Miralles is an economic engineer from the Universidad Nacional de Ingeniería with a master’s degree in public policy and taxation from Yokohama National University in Japan, and specialized training from Harvard’s Kennedy School. She served as finance minister under the recently ousted president José Jerí and before that held senior roles at ProInversión, the state agency that promotes public and private investment. Her profile is defined by fiscal policy, decentralized public investment and tax administration — a technocratic background that contrasts sharply with De Soto’s global celebrity status.

The New Cabinet

Balcázar kept six ministers from the Jerí government, including the foreign affairs, health, labor, production, transport and housing portfolios. The remaining twelve are new appointments. A new finance minister, Gerardo López — who served as Miralles’s deputy — takes over at the economy ministry. The presidency said the cabinet was assembled “under technical criteria, political responsibility and democratic commitment,” prioritizing economic stability, the fight against organized crime and the integrity of the electoral process.

A Short Clock

The Miralles cabinet has 30 days to present itself before Congress and secure a confidence vote.

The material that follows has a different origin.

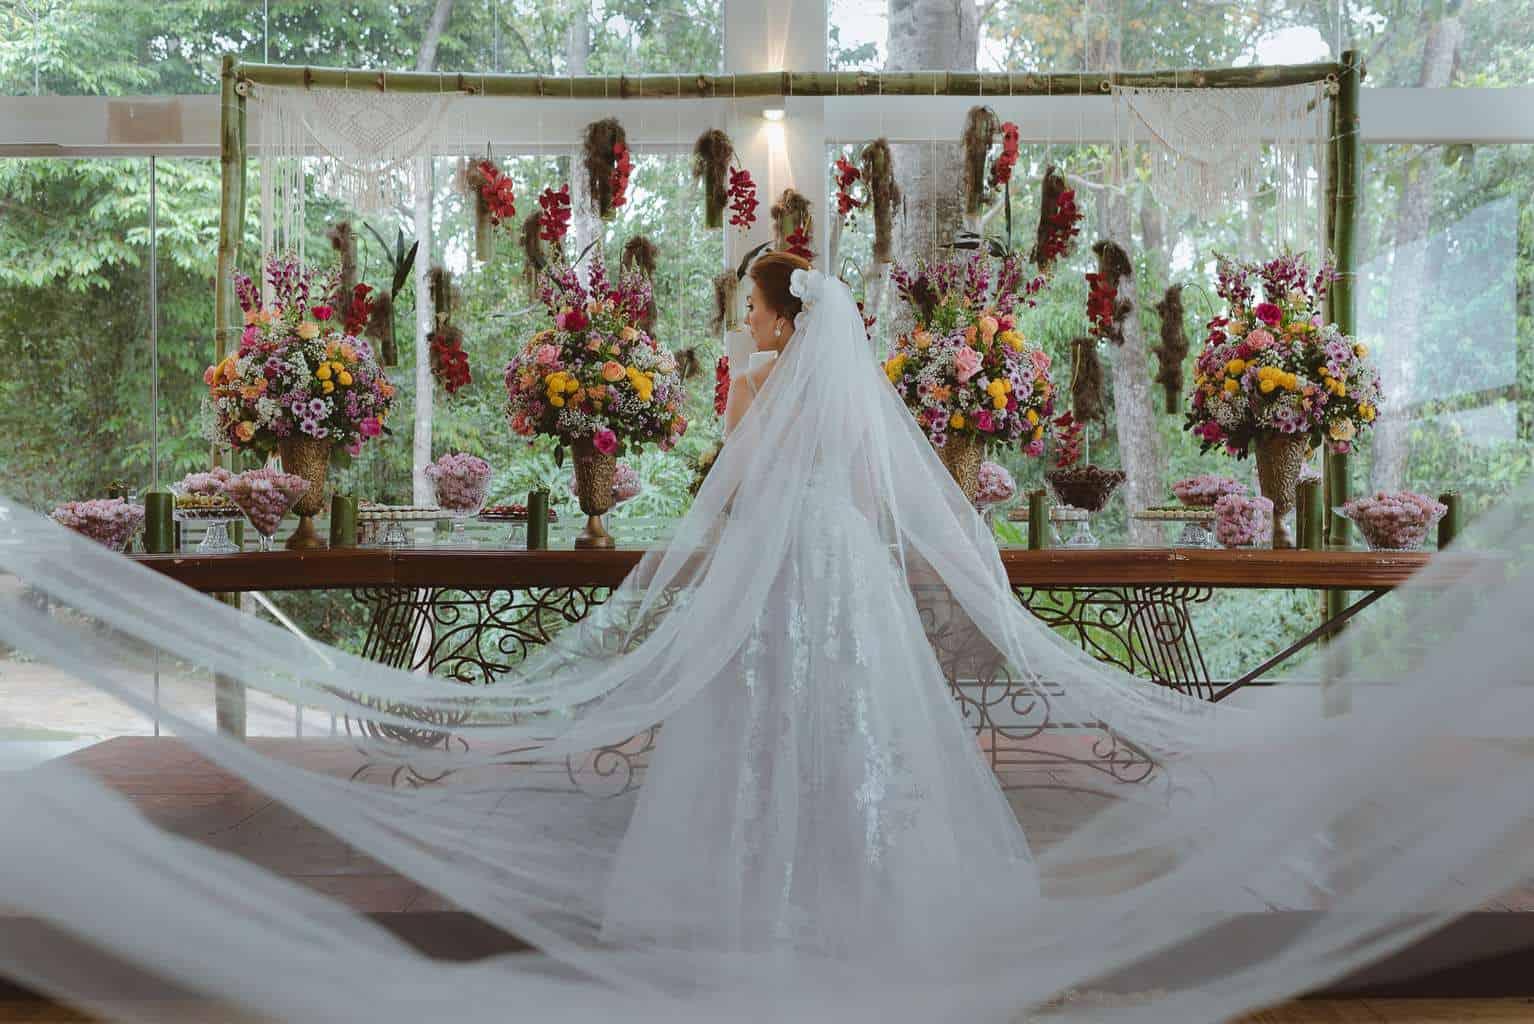 casamento-ao-ar-livre-casamento-boho-casamento-geek-casamento-rustico-casamento-Thais-e-Pedro-noiva-Revoar-Fotografia-Villa-Borghese-Eventos-53

That deadline is the first of several looming tests. Balcázar, 83 and the oldest person ever sworn in as Peru’s president, took office on February 18 after Congress voted to remove Jerí on corruption charges just four months into his term. It was the third presidential impeachment by the same legislature since 2021, following Pedro Castillo and Dina Boluarte — a pace of political turnover that has left Peru with eight presidents in a decade. General elections are scheduled for April 12, with a potential runoff in June and a new president due to take office on July 28. Balcázar has pledged to guarantee “unquestionable” elections, maintain macroeconomic stability and refocus the fight against surging extortion and murder. For a country where the distance between a swearing-in and a removal can be measured in months, stability remains less a policy than a prayer.